フラガール


フラガール」をビデオで見た。
この作品の日本での評価の高さとその内容から、映画感想のブログなどを読んでいても感じる「日本人の人の良さ」を改めて感じた。確かに感動的ではあるが、お涙頂戴の意図が露骨だし、その手の場面も長すぎる。正直言って、少しうるっときかけた箇所もあるが、泣きを助長するための音楽といい、泣いたら恥ずかしいと思わせるような臆面のなさだ。

フラガールになる炭鉱娘たちを演じる役者たちは、映画のためにダンスの特訓を受け、素人が一人前のダンサーになっていく役柄と重なって感動を呼ぶわけだ。が、ミュージシャンである私は、ごり押しお涙頂戴演出への反感からか、先生役の松雪泰子が最初に言ったように、素質のないものは芸を身に付けるべきではない、という逆のメッセージを受けとった。この映画をきっかけに、日本ではフラが流行ったらしいが、日本各地で映画の最初のレッスン場面のような光景が繰り広げられたのかと思うと、頭が痛くなりそうだ。小市民的感覚が観客の共感を呼び、自分でもできそうだという幻想を抱くのだろうか。私は、人間の脳は単純ではあるが、それほど単純でもない、と思っているので、直接的に小市民感覚に語りかけるようなこういった作品は、作り手受け手両方の脳を麻痺させるような気がして、好きではない。
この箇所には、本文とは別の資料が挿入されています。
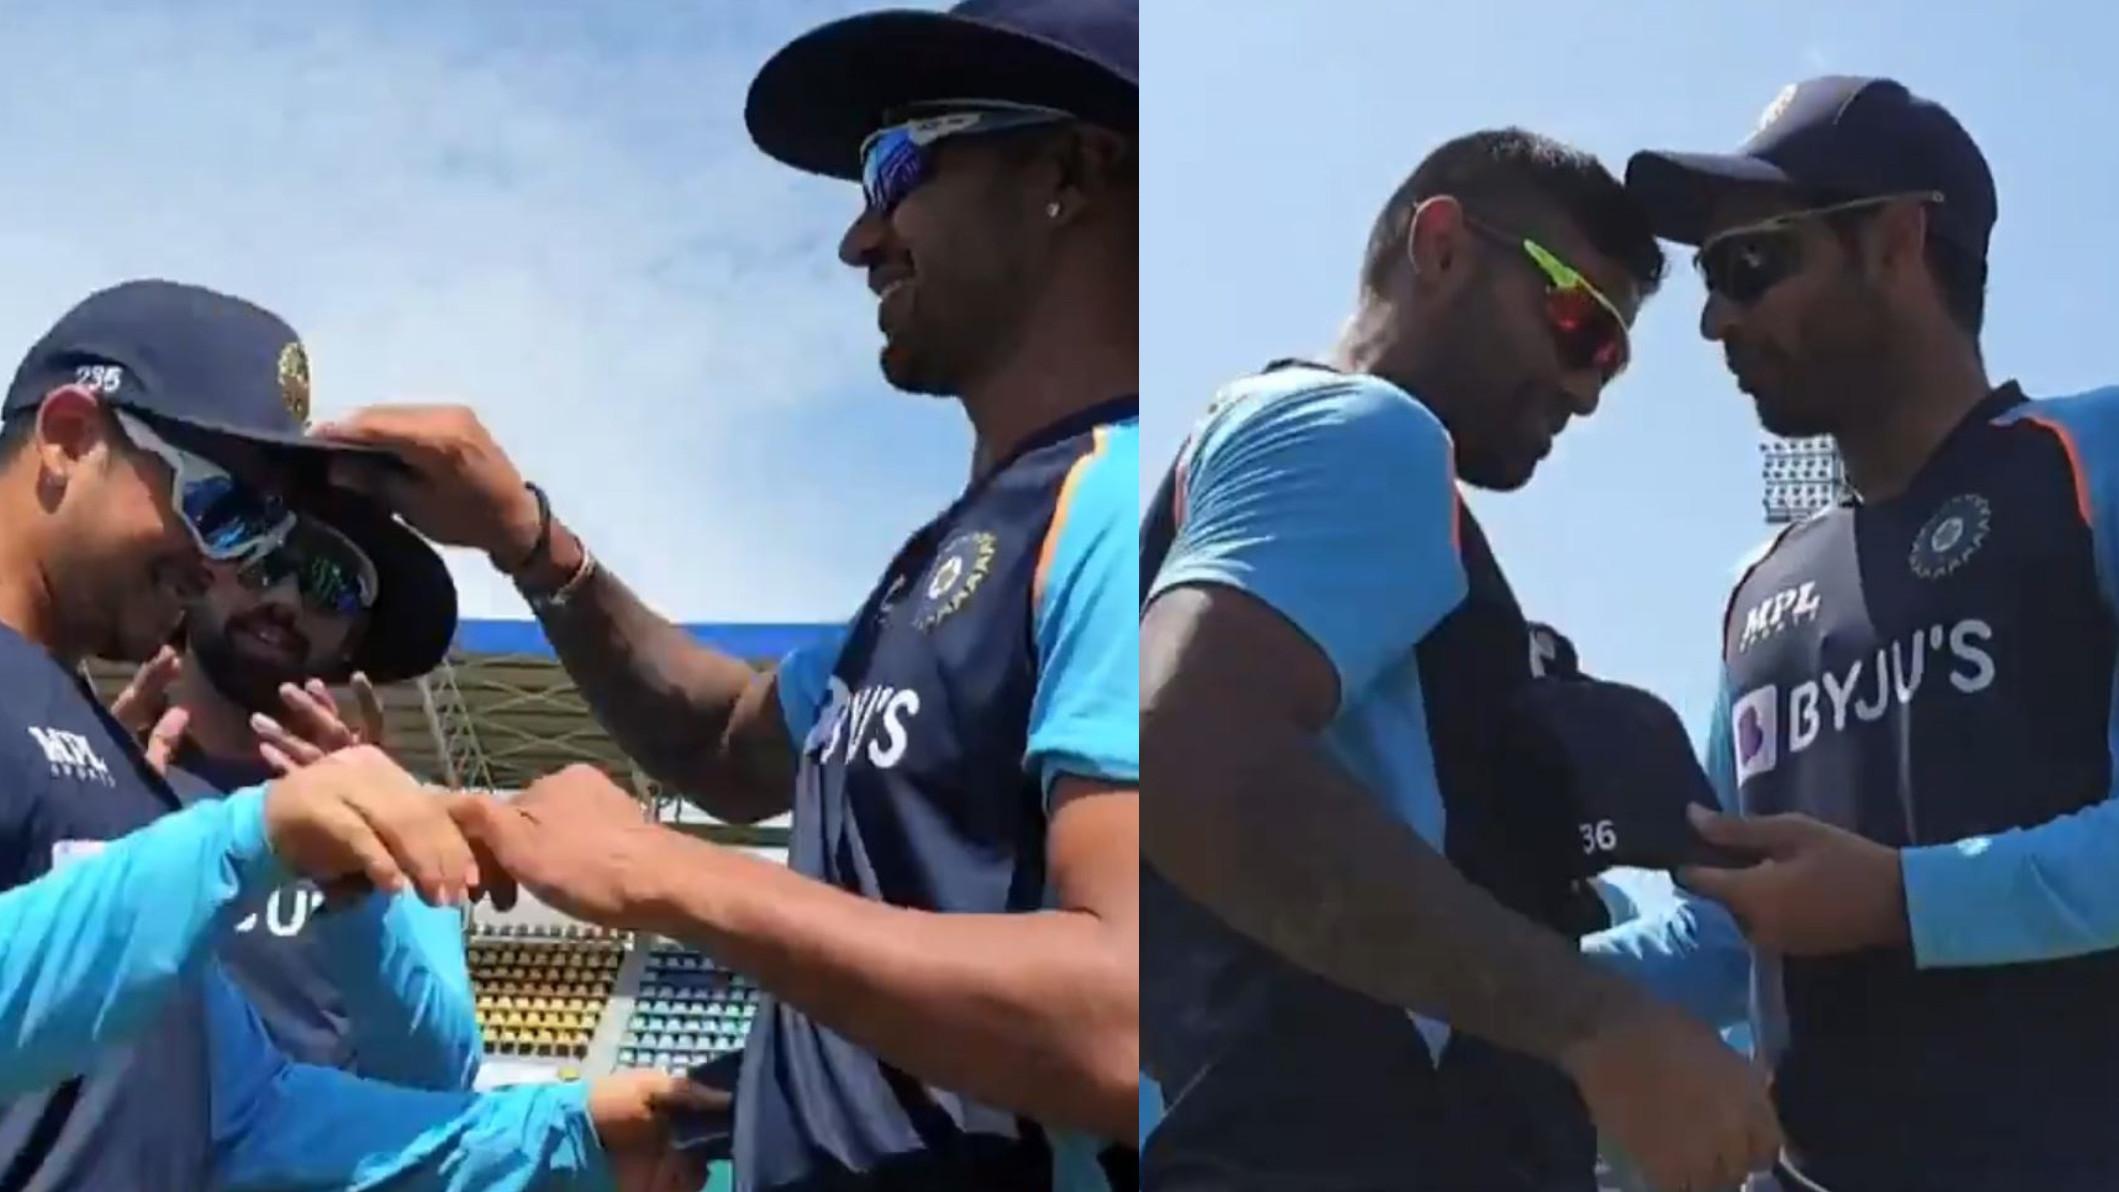 SL v IND 2021: WATCH- Ishan Kishan and Suryakumar Yadav receive their debut caps before 1st ODI vs Sri Lanka
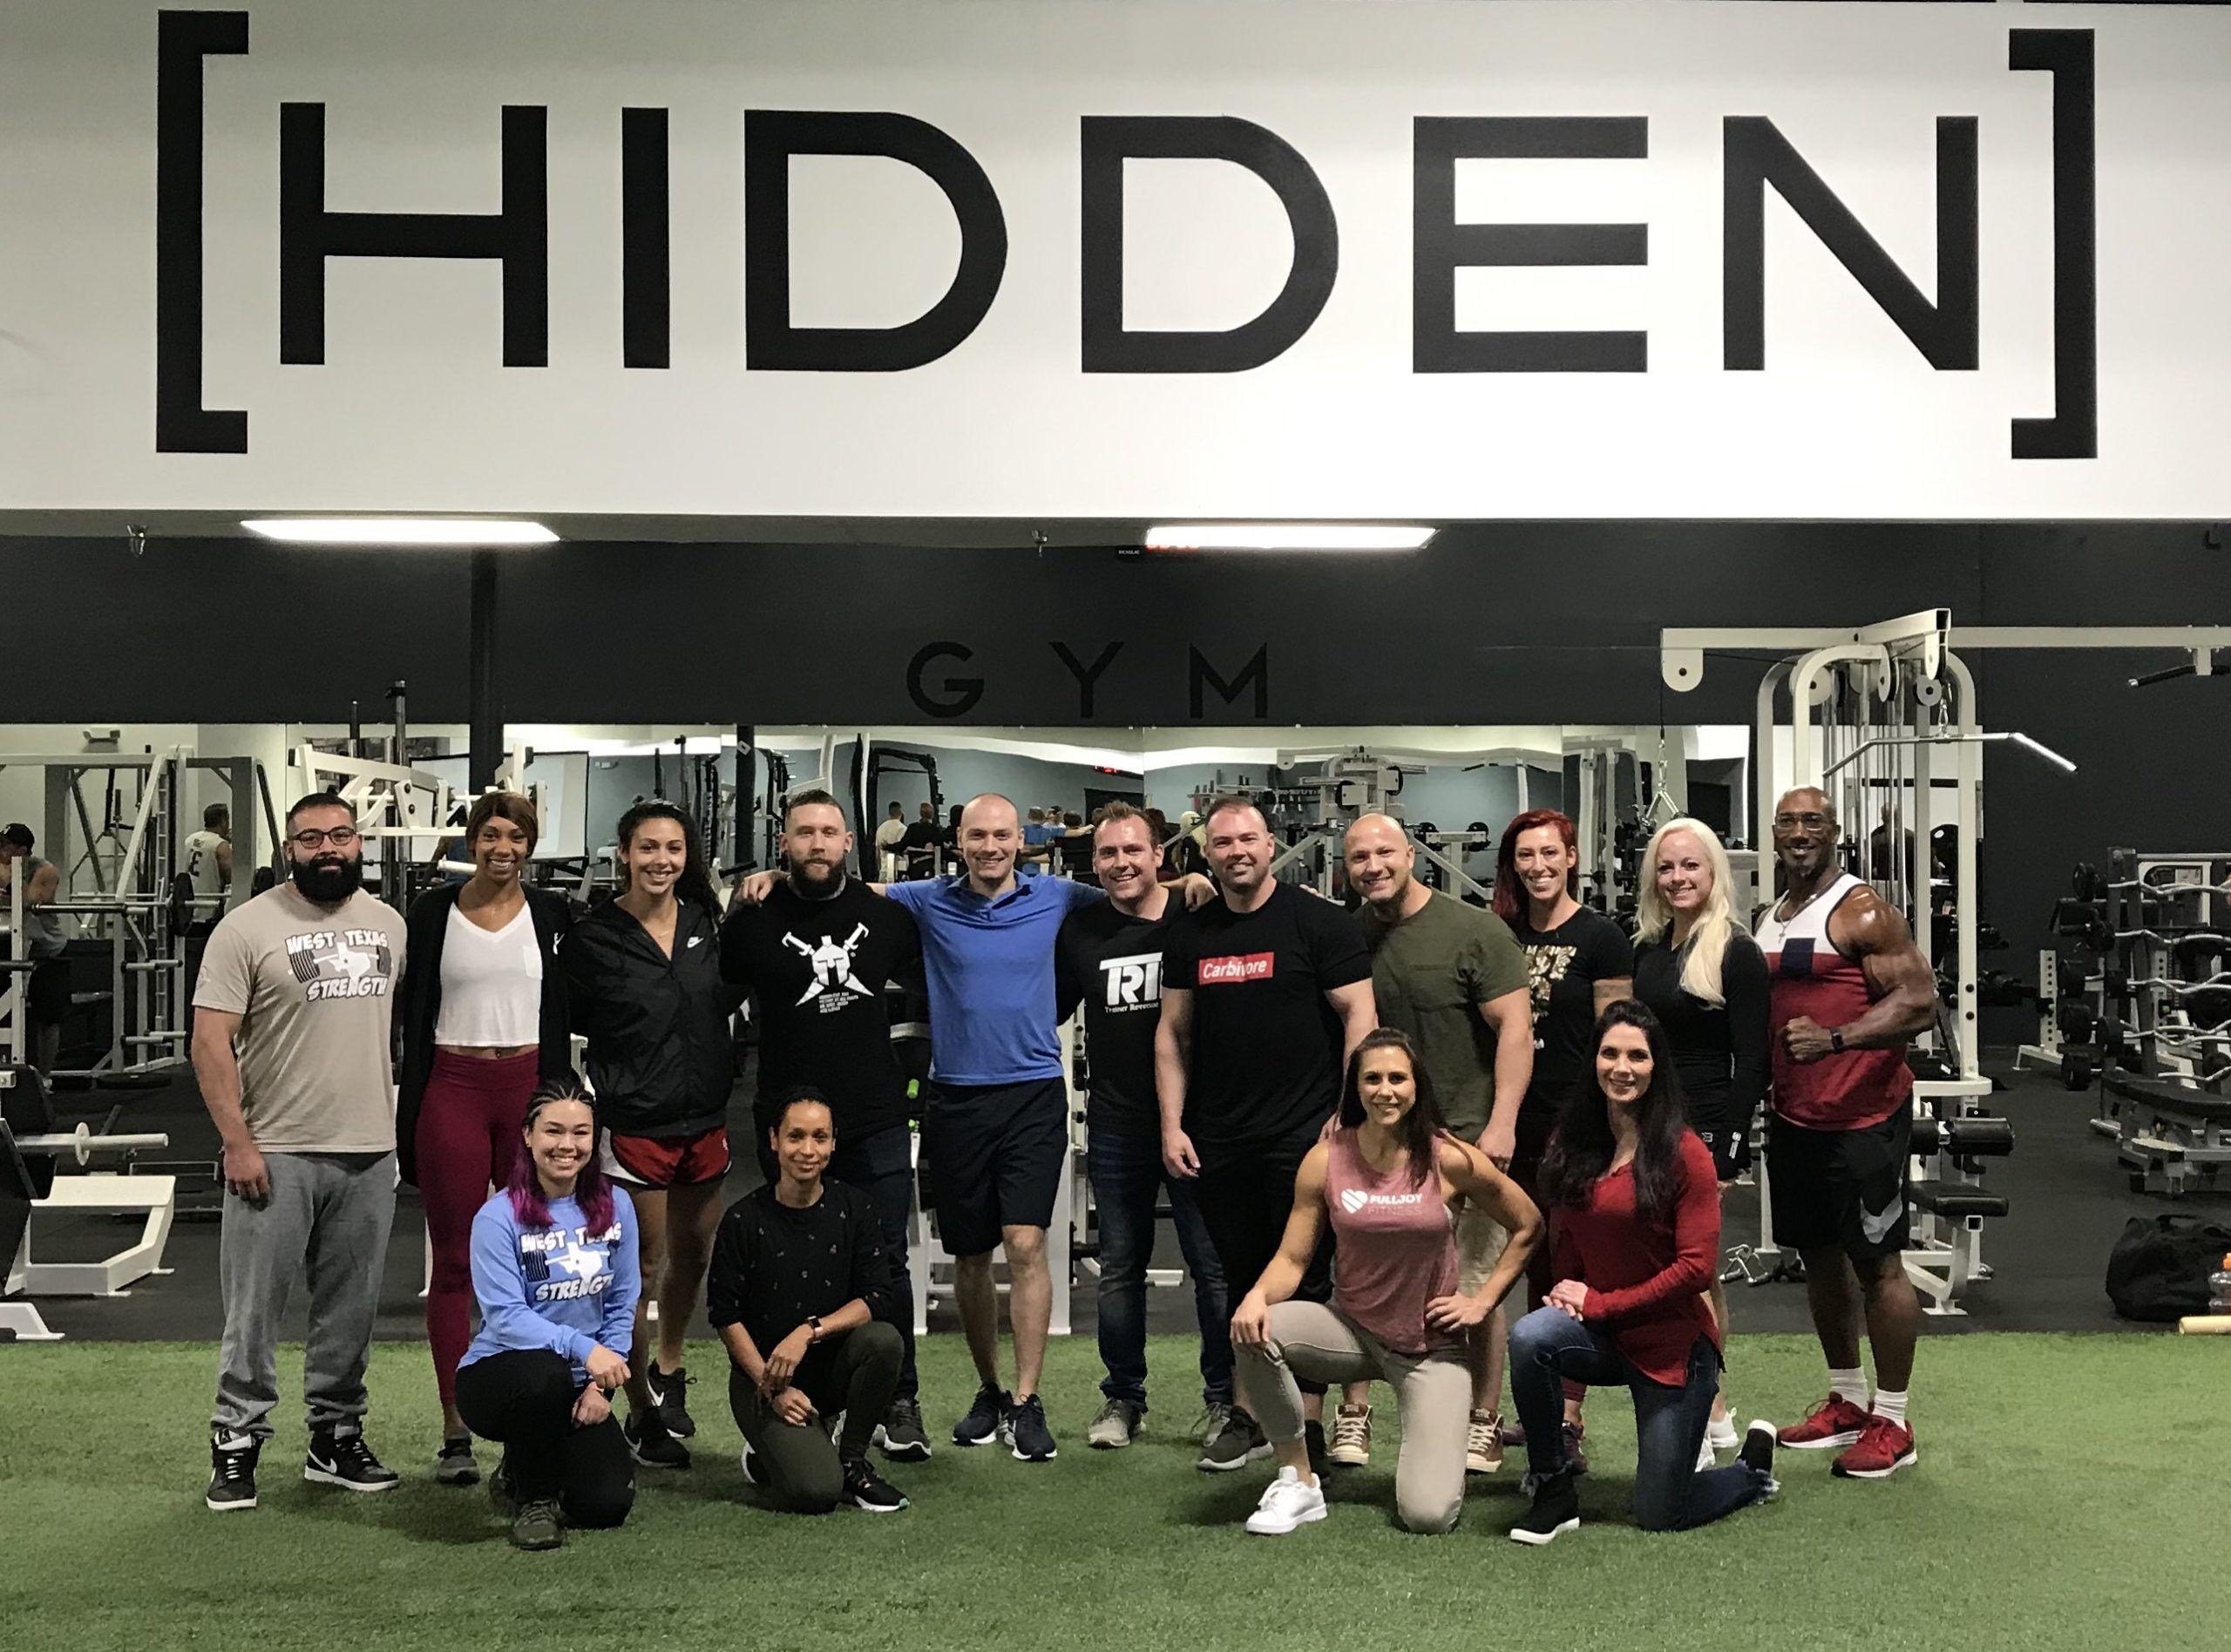 hidden gym team

似た設定の「フルモンティ」も貧乏くさくてあまり好きではなかったが、コメディとしては悪くなかった。「フラガール」ではユーモアが中途半端なため、感動的であるはずの場面の効果も薄れているし、ユーモアと一緒の方が社会状況もきちんと浮かび上がってきたと思う。常磐ハワイアンセンターは、日本の偽ハワイとしてギャグの対象だったはずだが、その視点はどこにもなく、対象にべったりの真面目な力技的演出だ。対象に共感しながら、例えばユーモアという形で距離を置くことは可能なはずだが。常磐ハワイと本物のハワイは、どちらが良い悪いではなく、違うものだ。が、その違いを意識し、自分の置かれている位置を確かめるセンスがないと、本物=アメリカ物は何でもいいという批評精神の欠如につながっていく気がする。それとも「常磐ハワイアンセンター」がギャグなのは暗黙の了解、という日本人にしか分からない前提で成立っているのだろうか?